Work request: Every line below must be reproduced exactly; no pictures are to be included.

Data segment:
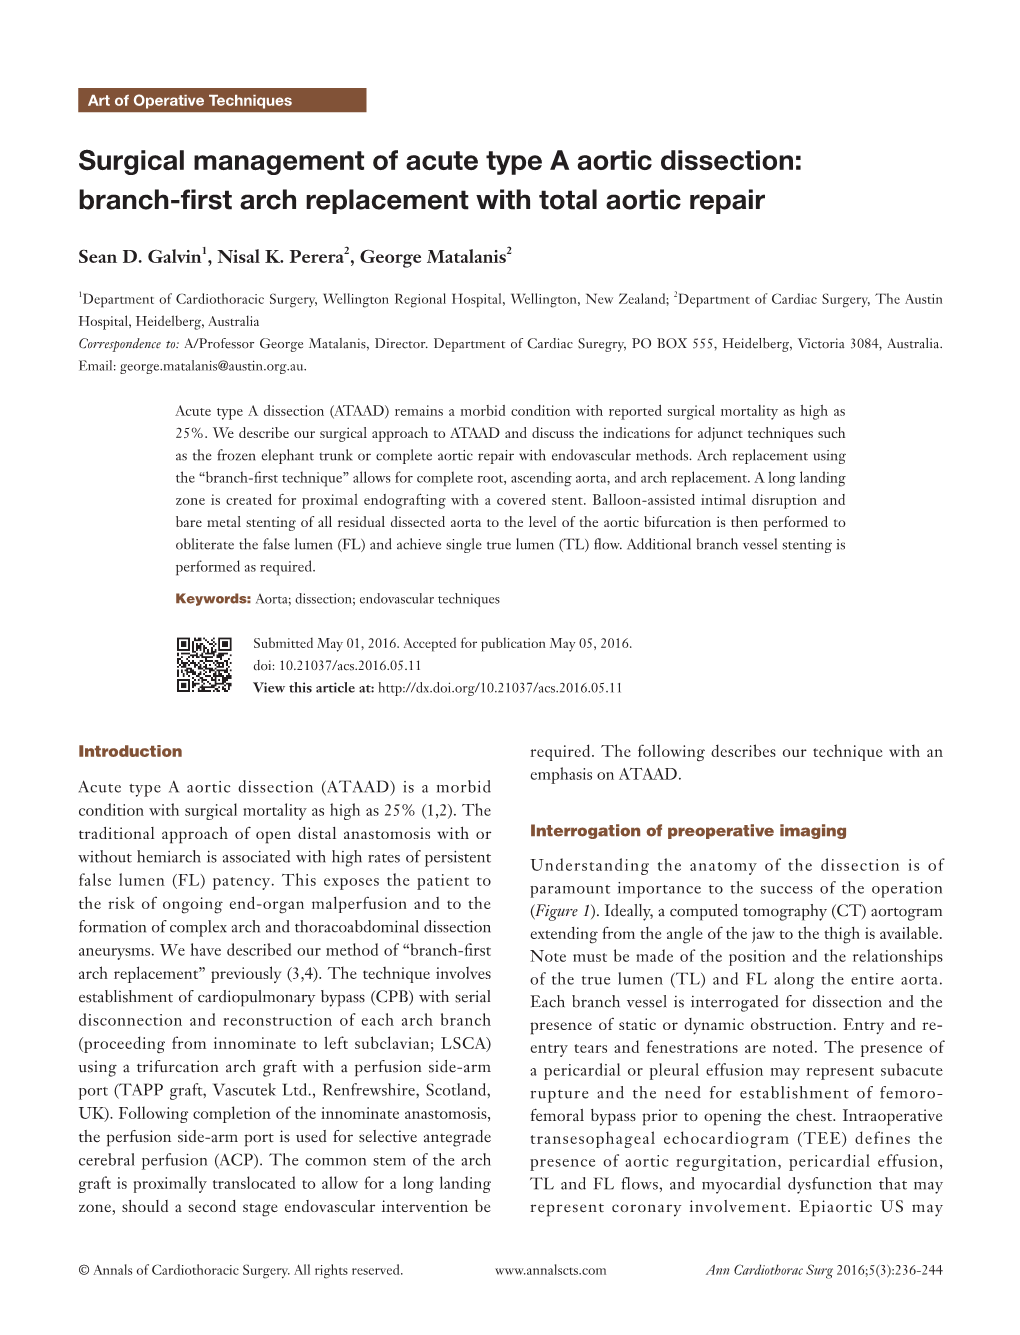 Surgical Management of Acute Type a Aortic Dissection: Branch-First Arch Replacement with Total Aortic Repair
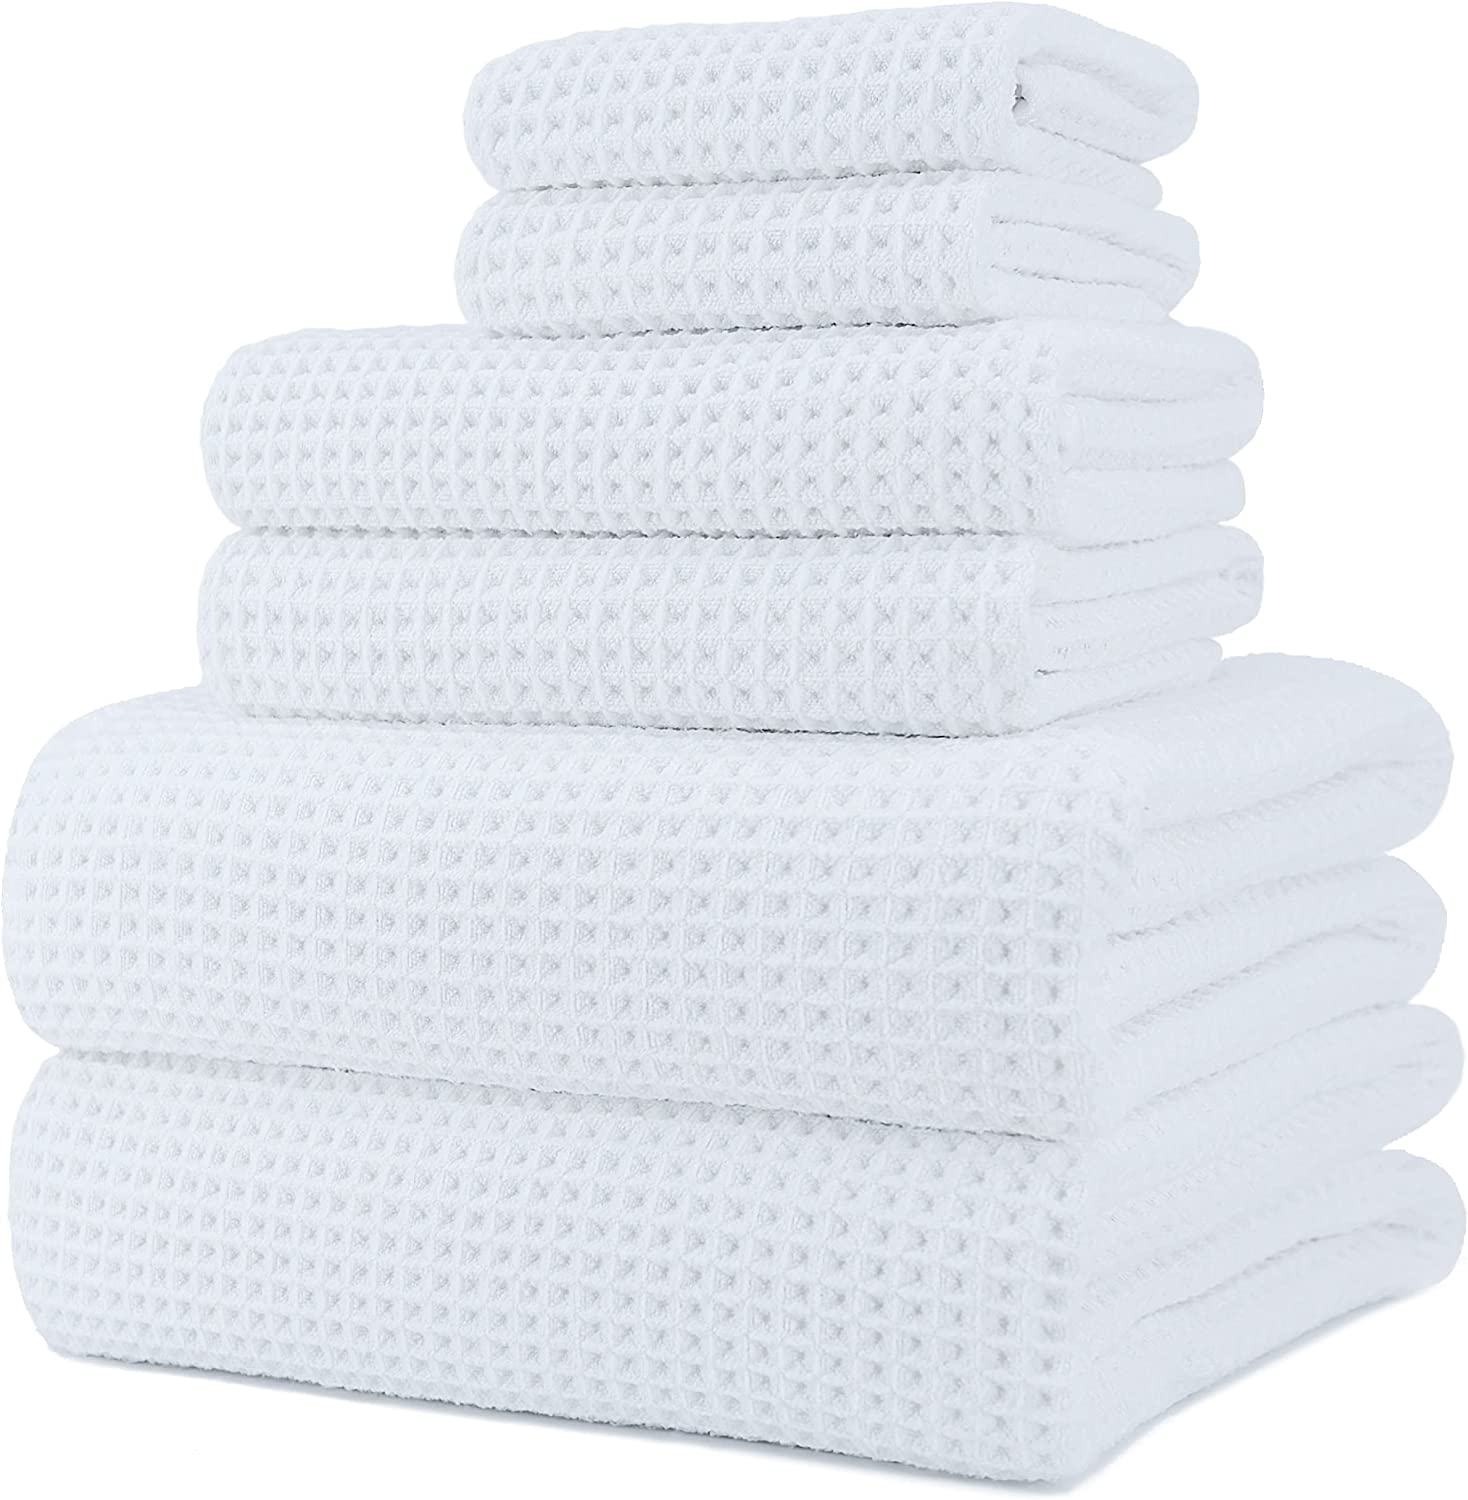 POLYTE Microfiber Oversize Quick Dry Lint Free Bath Towel, 60 x 30 in, 4  Pack (Blue, Waffle Weave)
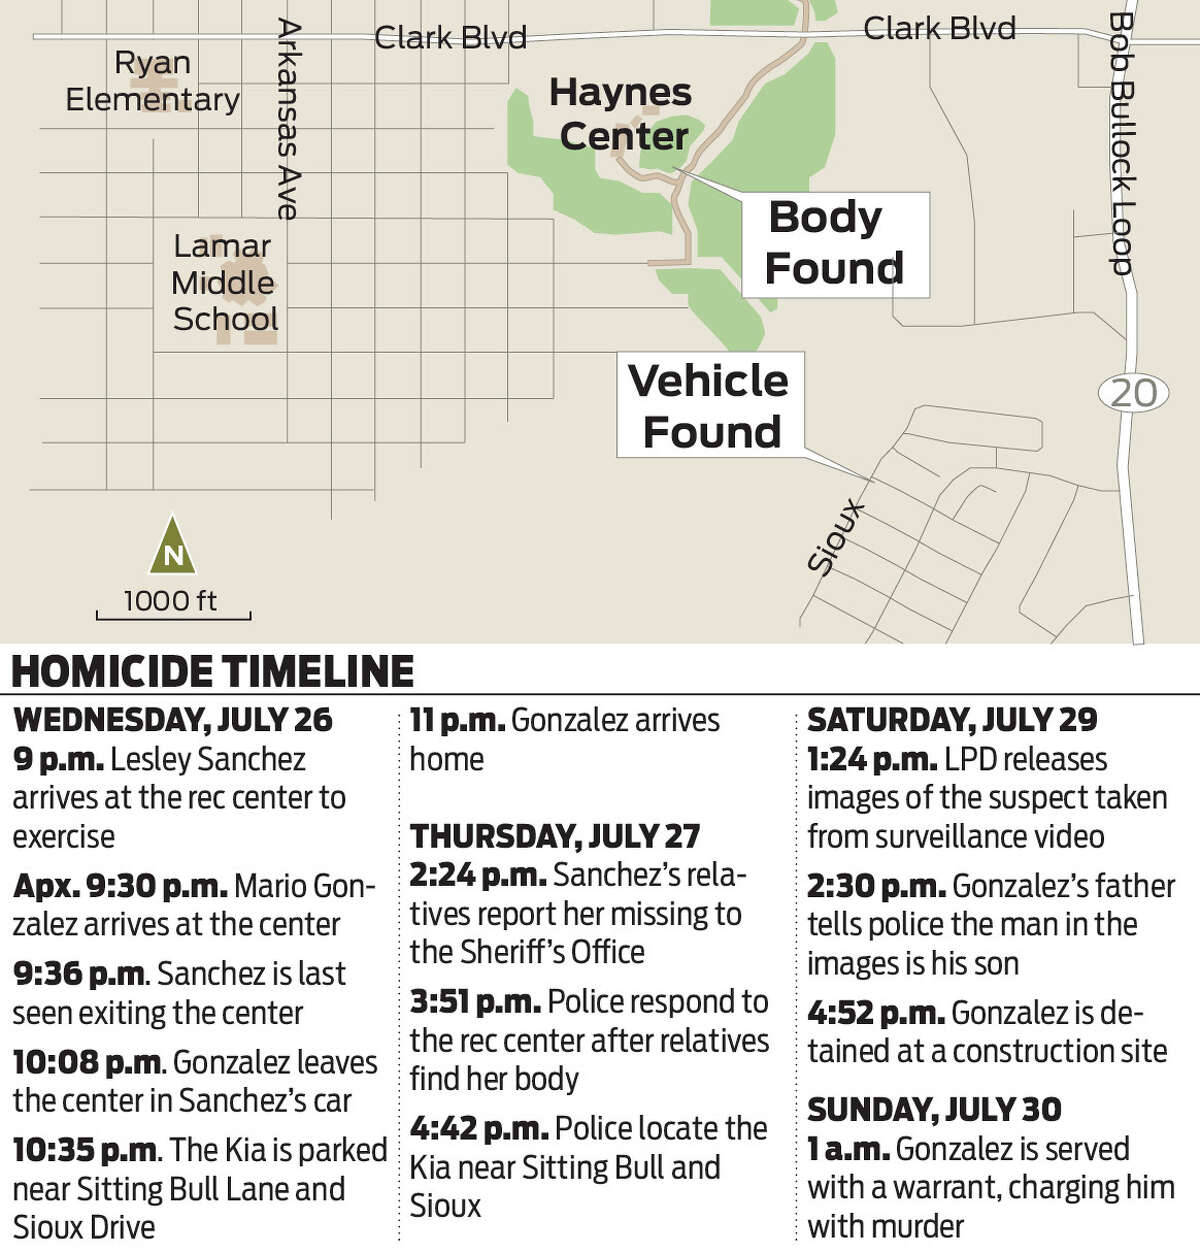 This graphic shows the timeline of events in the homicide of Lesley Sanchez.

Exercise answer:
 Surgical Management of Acute Type a Aortic Dissection: Branch-First Arch Replacement with Total Aortic Repair
 POLYTE Microfiber Oversize Quick Dry Lint Free Bath Towel, 60 x 30 in, 4  Pack (Blue, Waffle Weave)
 This graphic shows the timeline of events in the homicide of Lesley Sanchez.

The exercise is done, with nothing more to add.